Dentre a meia dúzia de aeroportos que conheço, o de Congonhas é o meu preferido. Pequeno, anacrônico, de fácil acesso, é o Pacaembu dos aeroportos (Guarulhos é o Morumbi: monumental e frio). Sempre que posso vou até lá. Não pra pegar avião, mas a fim de observar o movimento. Chego dez, onze horas; saio duas, três da tarde. Compro os jornais do Rio e de São Paulo, descolo um café ou uma cerveja e sento numa das mesinhas simpáticas que ficam ao lado daquela parede de vidro abaulada, diante das escadas rolantes que levam às salas de embarque. Entre uma e outra matéria, lidas com um prazer que não tenho no dia a dia (no aeroporto mesmo as notícias mais banais se tornam interessantes), levanto os olhos pra espiar o que acontece.

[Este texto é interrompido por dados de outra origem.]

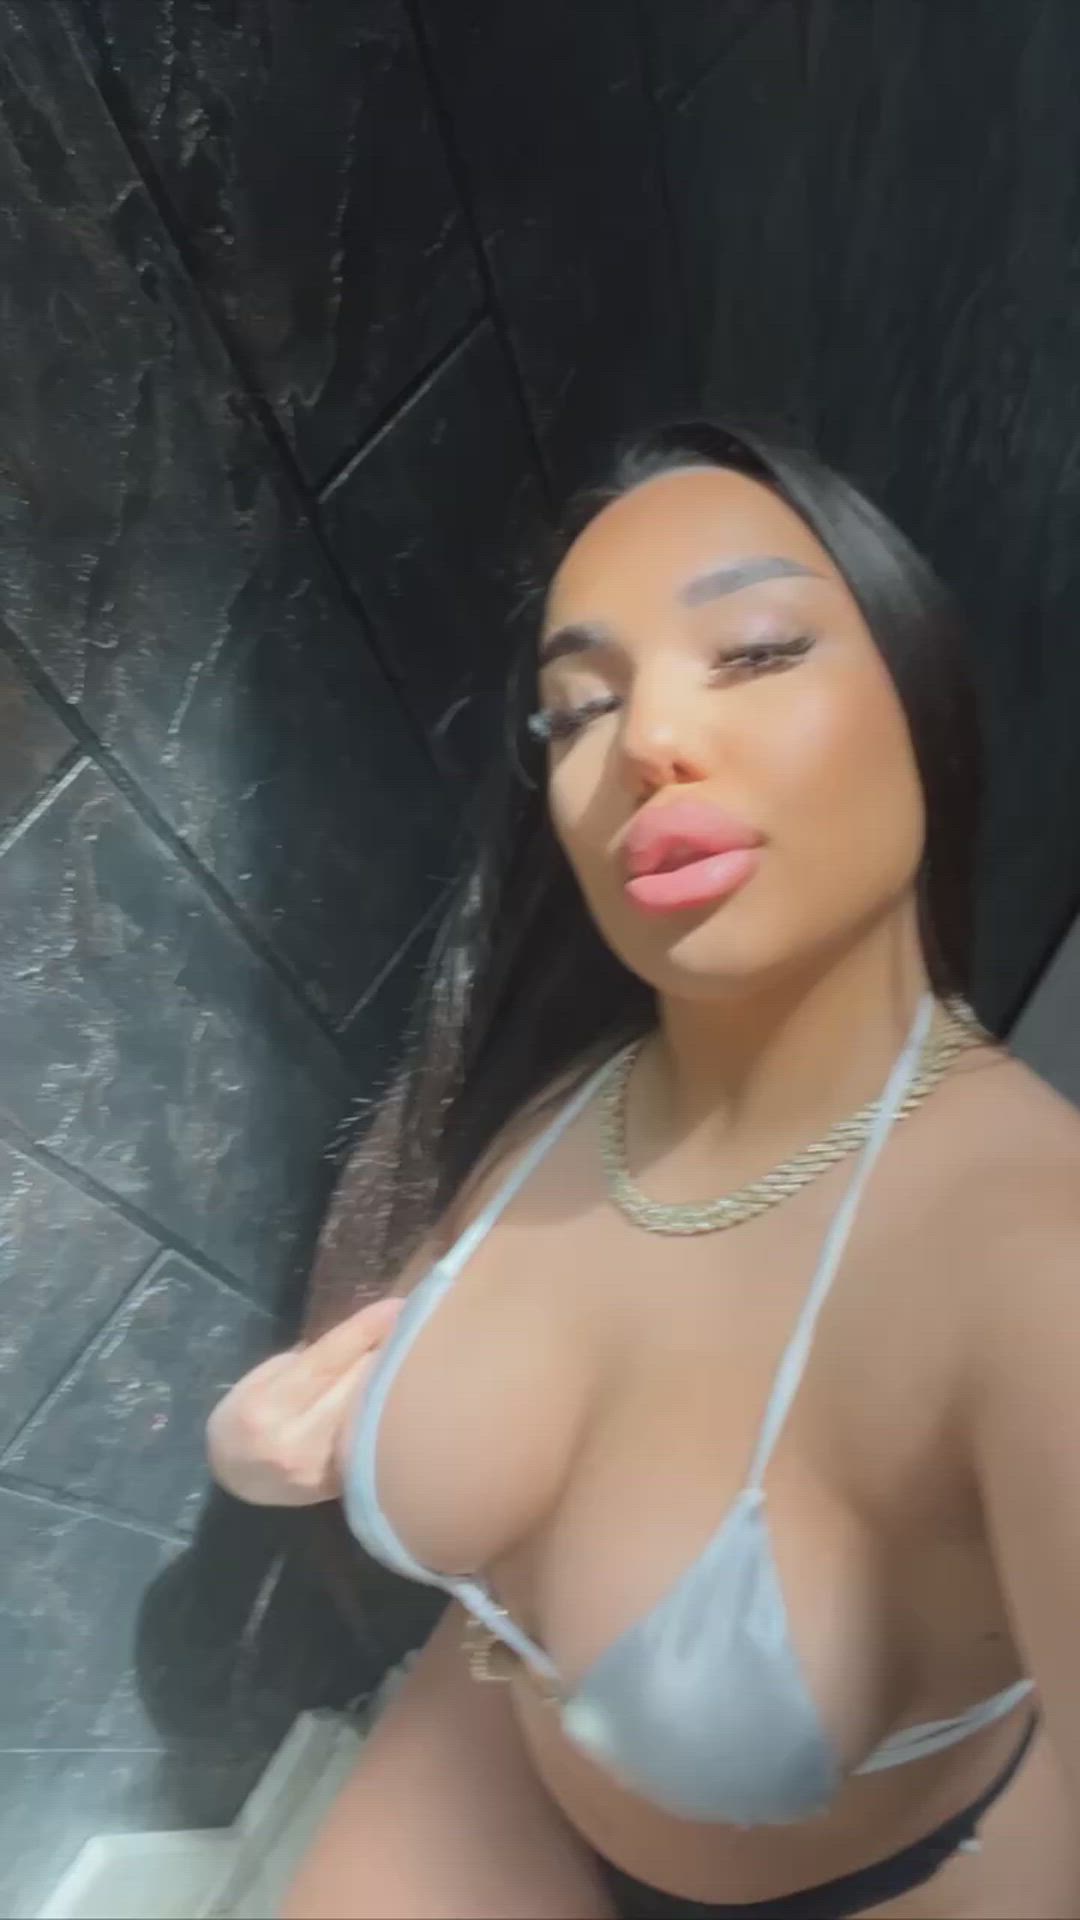 Big Tits porn video with onlyfans model bustynaty <strong>@bustynaty</strong>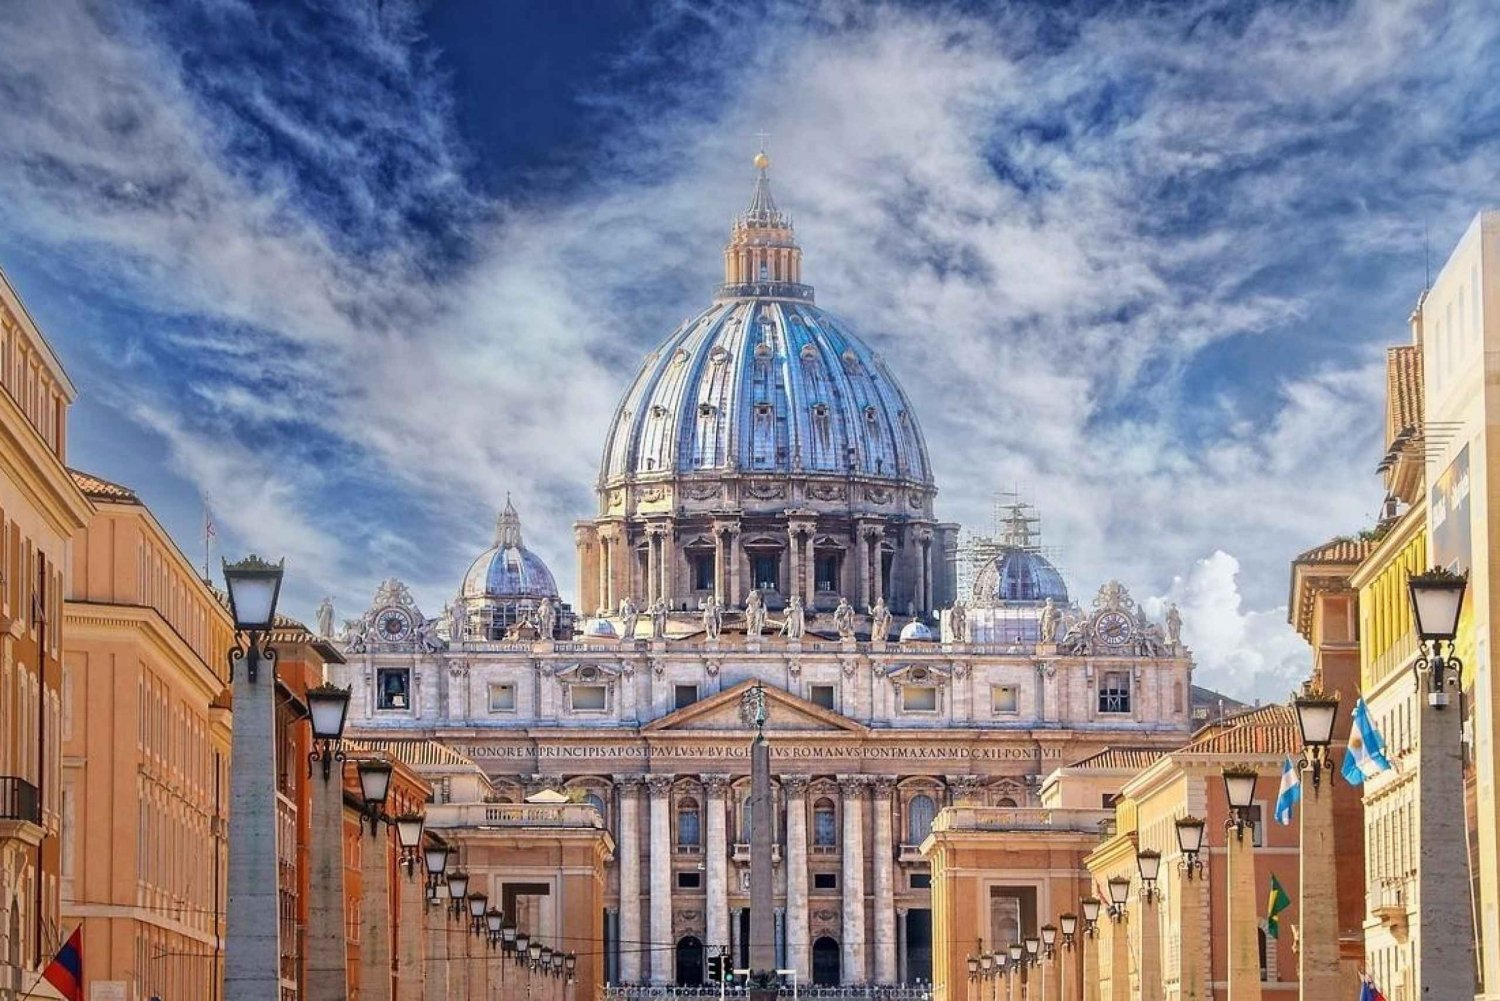 Rome: St. Peter's Basilica and Vatican Grottoes Guided Tour

Um executivo trabalha em seu laptop; um punk bufa, a caixa da guitarra entre as pernas e a cara estuprada pela ressaca; uma mãe de trinta anos com as costas à mostra e salto alto corre pra alcançar o filhinho fujão; um grupo de adolescentes morre de tédio; dois funcionários do restaurante japonês riem, depois praguejam; uma mulher lancinantemente linda, por quem eu desejaria ter me apaixonado, come um x-salada lutando pra não sujar a camiseta com catchup; um piloto (um piloto de verdade!) passa enxugando com o punho a testa suada.

Em breve a maioria deles estará voando. Inevitável pensar que o avião pode cair. De repente, acredito que estes são os últimos minutos do punk (talvez amigo do meu amigo Fralda), dos adolescentes (que precisam sobreviver pelo menos até descobrir que a vida não é tão chata quanto parece) e da irmã gêmea da Nastassja Kinski. Então esses desconhecidos me comovem. Lembro de pessoas de que gosto mas não vejo muito, ligo pra elas a cobrar do meu celular sem crédito e digo besteiras.

Depois relaxo, termino de ler os jornais, me dirijo ao balcão do japonês e peço outra cerveja. A essa altura Nastassja Kinski já foi embora. Saboreio alguns sushis conversando com o sushiman, que confessa não achar tanta graça em trabalhar no aeroporto -é um trabalho como outro qualquer. Irritante. Normal. Viro a cabeça pra trás no momento em que um avião atravessa uma nuvem. De fato, nada mais normal que um avião. Nada mais normal do que uma nuvem. E nada mais irritante do que ver a Nastassja Kinski comer um x-salada sem se lambuzar.